Looking at the past several years of the charts, this polarization looks like more than garden-variety cultural sexism — it looks like something new that our algorithm-based platforms have wrought. The biggest question facing Spotify in the coming year should be whether it can do something about it.

Why are all of Spotify’s most-streamed artists men?

Music writer Liz Pelly — journalism’s most diligent critic of the outsize influence Spotify is currently wielding in popular culture — conducted a micro-study on Spotify’s algorithmic sexism for the Baffler earlier this year. “Is streaming culture merely reflective of a relentlessly male-centric status quo, or is it shifting us back toward a more homogenous and overtly masculine pop music culture?” she asked, pointing out that 2017 was the first year since 1984 that the Billboard year-end top 10 had been exclusively male artists.

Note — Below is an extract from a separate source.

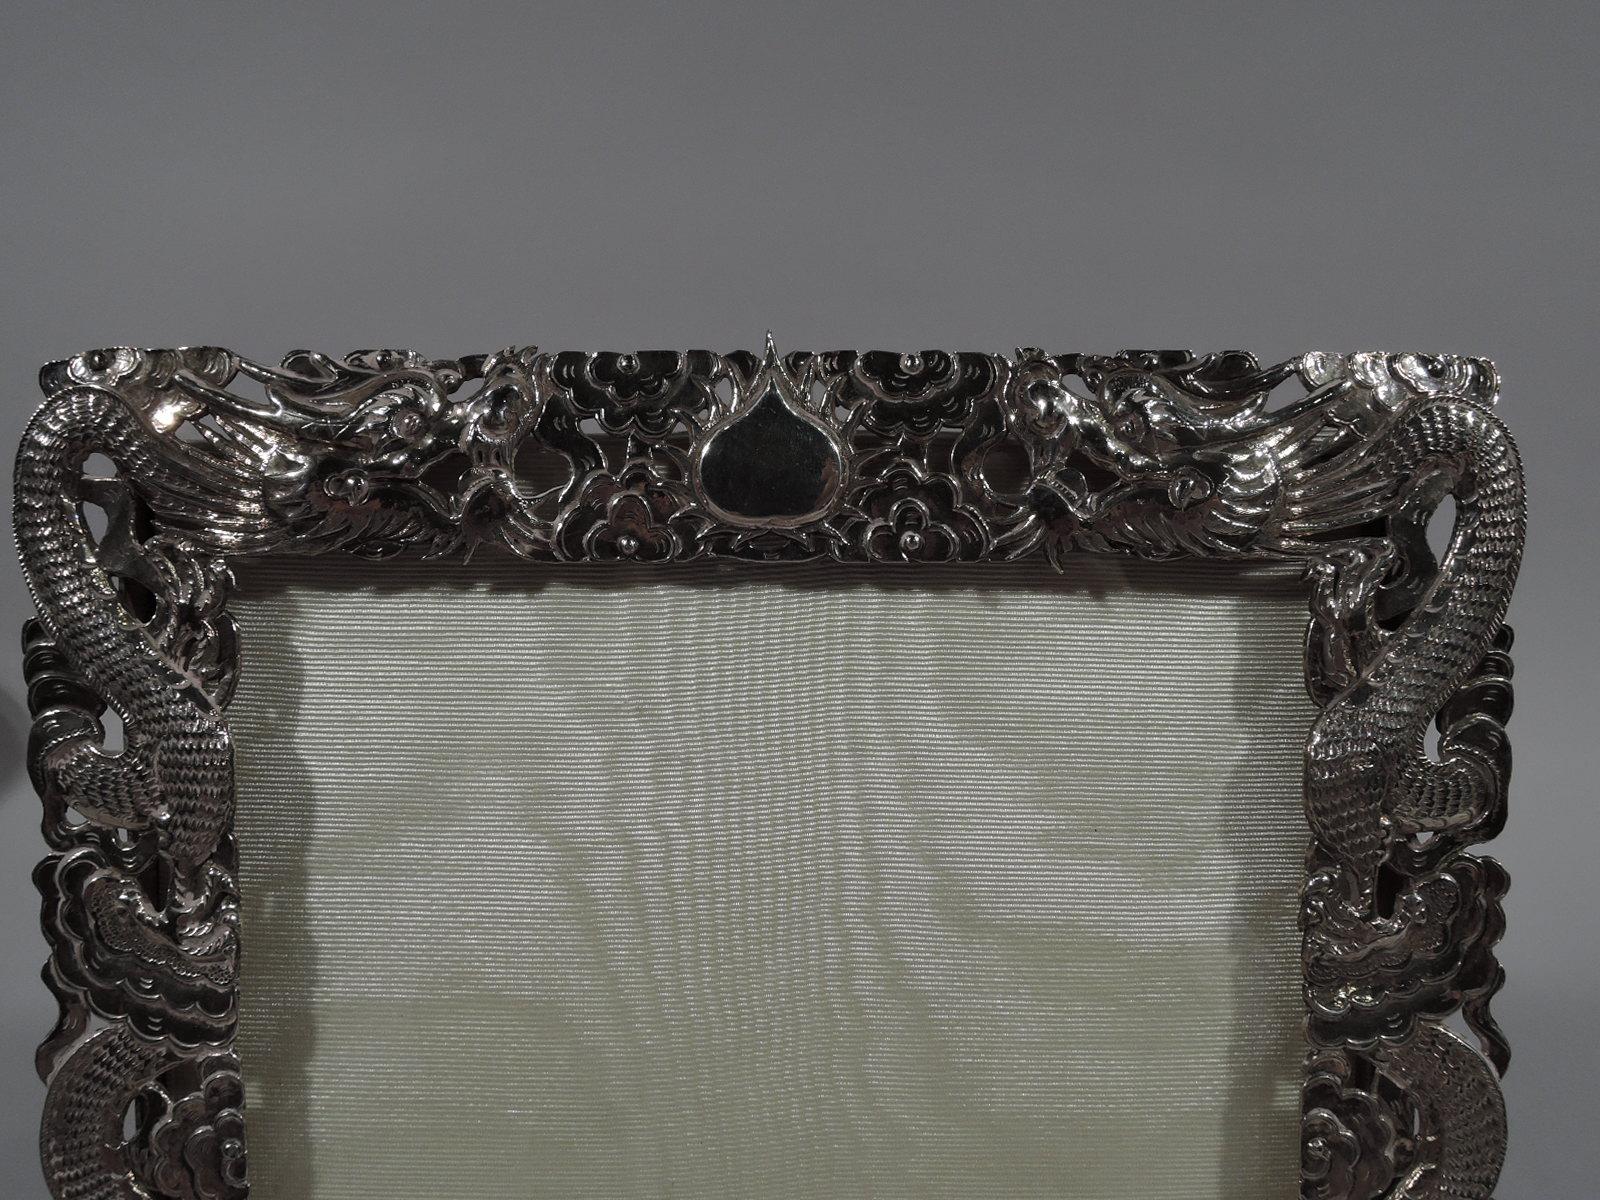 Chinese export silver picture frame, circa 1910. Rectangular window in pierced surround made up of serpentine serpent-dragons slithering through clouds. At top mono plate (vacant). With glass, silk lining, and bamboo-style wire hinged support.

For her experiment, she created a brand new Spotify account, so that all results would be from a clean slate — pure algorithm, to confirm “that when a user listens to mostly male-dominated playlists, what is produced are yet more male-dominated playlists.” She listened to nothing but Spotify’s featured playlists and their subsequent recommendations for a month; then she downloaded spreadsheets of the data and found that she was right.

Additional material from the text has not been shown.